# Lionel 259E's from Greenberg train show



## upsman55 (Jan 11, 2013)

The weather and Valentines day almost prevented me from driving the 30 plus miles to attend the Greenbergs show in Monroeville, PA this past weekend, but I'm glad I made it. I've been wanting to find an old fixer upper. Instead, I found two! :smilie_daumenpos: A couple of 259E's. One, a real basket case that has missing parts, and no sign of life, and another that went forward only on the test track, and is a complete unit with a tender. In other words, just the kind of trains I'm looking for. I believe there's a lot of life left in them both! Here's some pics.









The gray one with the tender runs. The black one is the basket case.









The black one actually has two coats of paint applied over the original color.
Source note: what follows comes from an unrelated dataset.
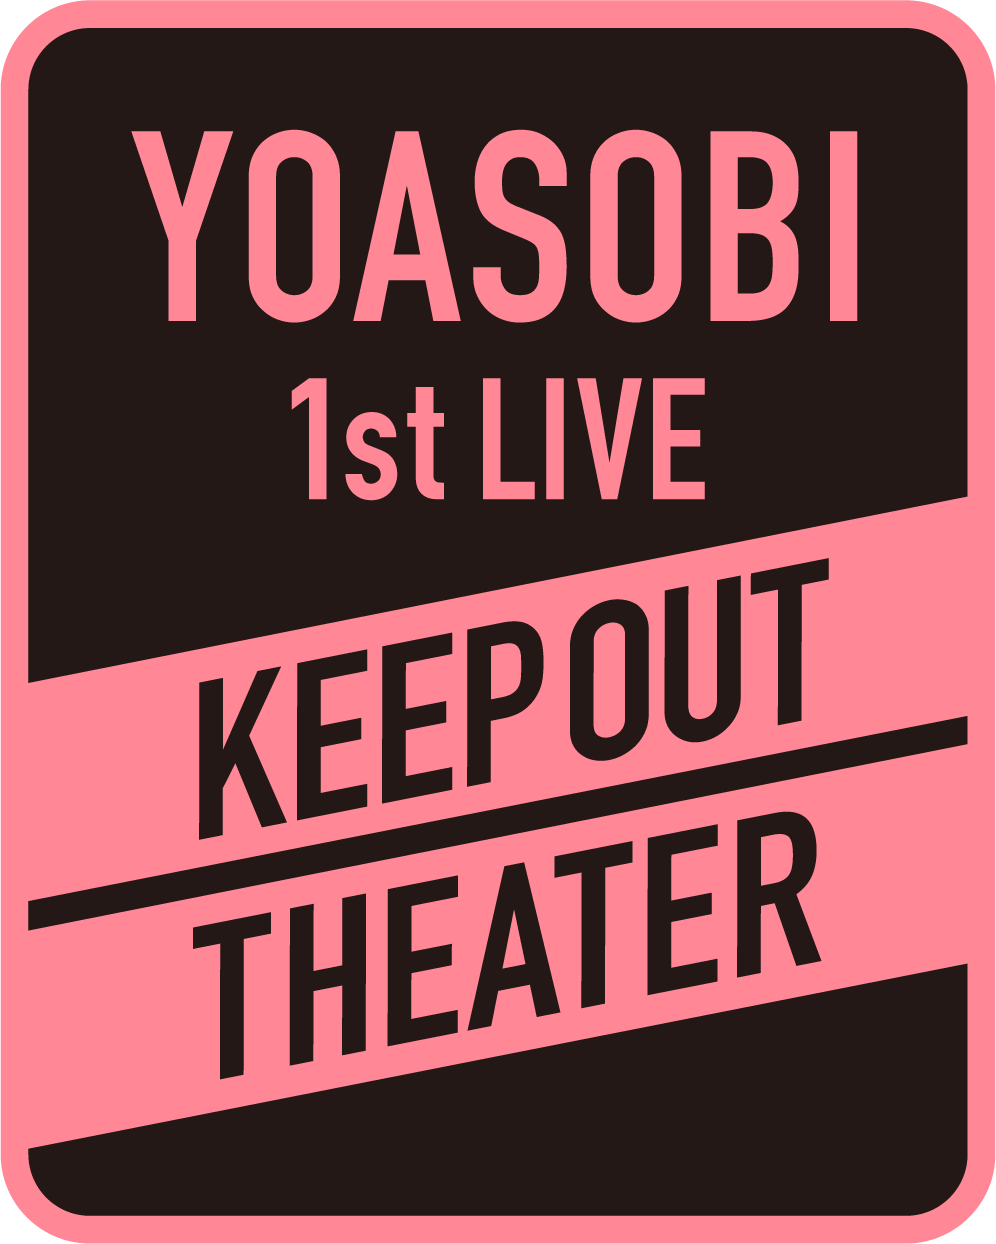 Yoasobi オフィシャルサイト

The last coat was just sprayed thick over everything. And as noted above, it is missing the boiler front cover, and both front and back trucks. All four drivers are shot, and the motor would not turn. But the shell is actually in better shape than the one that runs. So naturally I started taking it apart right away. Couldn't wait. 


Here's a few more pics of the locomotive shell




























Here's a look after the initial tear down and slight clean up of the motor. Everything but the wiring looks pretty good. I need to clean a bit more before I bench test it.
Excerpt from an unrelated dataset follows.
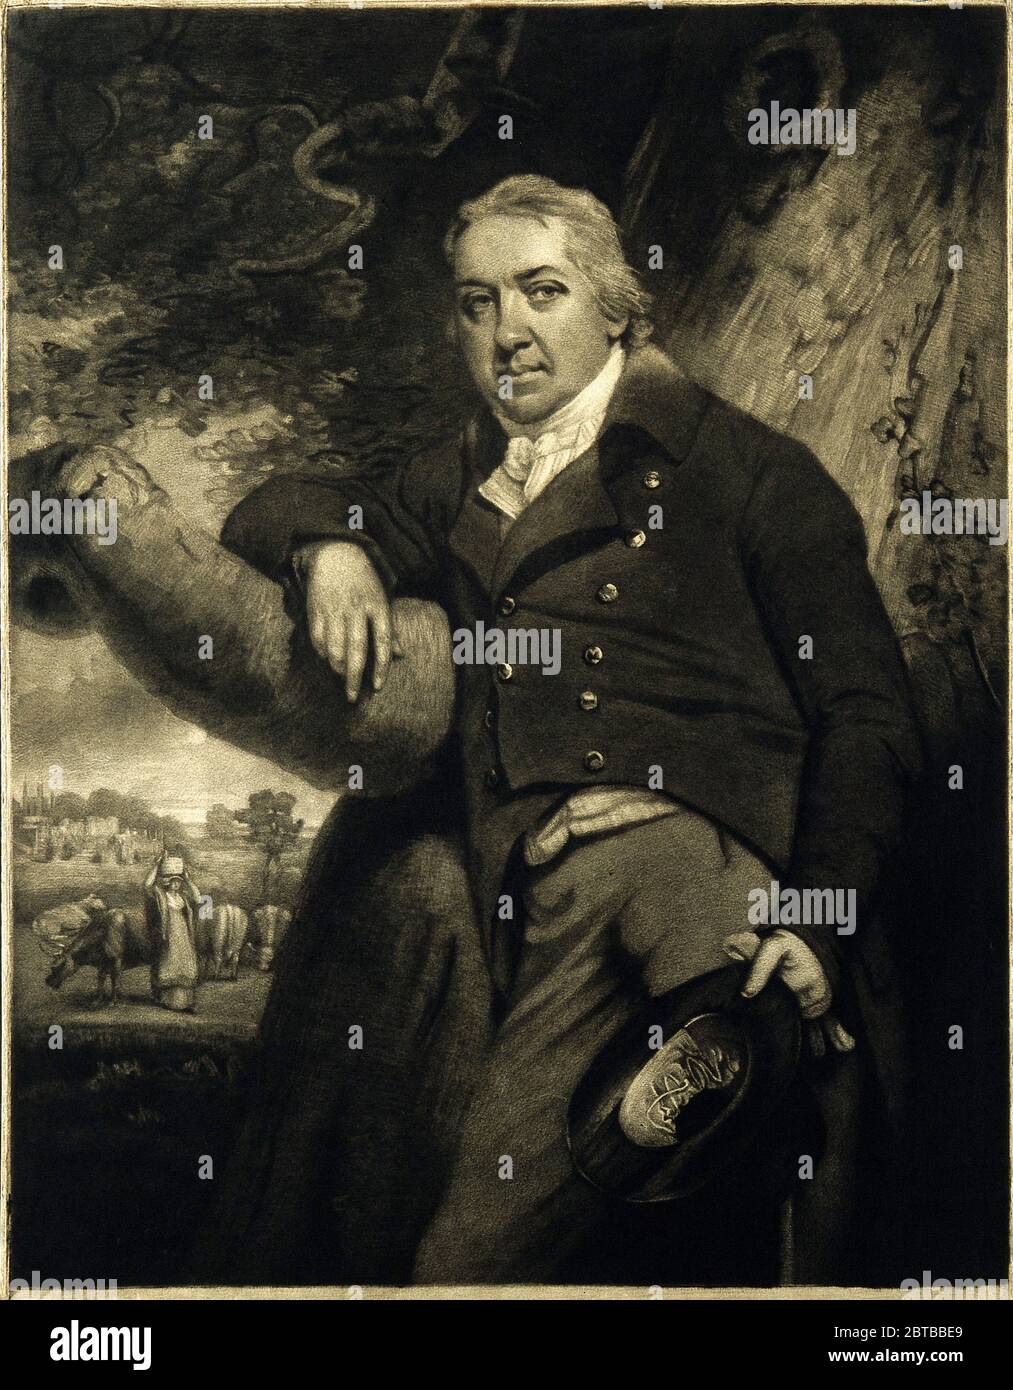 1800 ca., GROSSBRITANNIEN: Der britische Arzt, Virologe und Naturforscher EDWARD JENNER ( 1749 - 1823 ), der an der Entwicklung des POCKENIMPFES mitwirkte. Porträt von John Raphael Smith . - IMPFUNG - VIRUS - VIROLOGO - VIROLOGE - ANTIVAIOLOSA - ANTIVAIOLO - ANTI-VAIOLO - ANTIVAIOLO - VACCINAZIONE - foto storiche - scienziato - Wissenschaftler - Portrait - ritratto - GRAND BRETAGNA - DOTTORE - MEDICO - MEDICINA - Medizin - SCIENTIZA - WISSENSCHAFT - illustrazione - Illustration --- Archivio GBB Stockfoto

This is what I'm dealing with as far as the drivers go. Gear teeth are torn up, and all four wheels wobble. (Shafts are on size and straight, and wheel bushings are in very good shape.)









All of the previous pics were from yesterday. Today, I took the shell apart. Looks like the original color of this locomotive was Gun Metal Gray also.









I had to score the paint with an exacto knife to break the parts free from one another.









And a couple hours later, it's all apart, all tabs intact, and no new bends or dents in the parts.









Just for good measure, I gave all the tin a bath with soap and water, even though I'll be stripping them clean in the near future.









And that's all for now. Probably more than enough with all these pictures:laugh: Now it's time to order some parts!


----------



## tjcruiser (Jan 10, 2010)

Nice finds. My sort of goodies!

FYI ... you might consider drilling out the rivet that holds the weight in the steamchest out. It'll make a cleaner / easier job of priming/painting the steamchest, and you can reinstall the weight with a screw/nut.

Some (later era) 259's have a weight on the aft frame, too. Looks like yours does not.

Copper domes / smokestack?

Enjoy the fun!

TJ


----------



## sjm9911 (Dec 20, 2012)

Nice breakdown so far, it actually looks to be in better shape then the first pictures suggested! Everything but the drive wheels. How are the others? Cracks or usable?


----------



## upsman55 (Jan 11, 2013)

TJ...Thanks for the input on the steam chest. Truth be told, I was checking out an old thread of yours where you refurbished a 258. You repainted it red. I noticed you removed its steamchest weight. That made me a little more comfortable about removing mine. 

As for the domes and smokestack, no copper or brass. Sadly, it looks like their tin. But when I was cleaning the paint off the handrails and sand pipes,I swear they had a brass cast to them. Probably just a combination of bad lighting and bad eyes!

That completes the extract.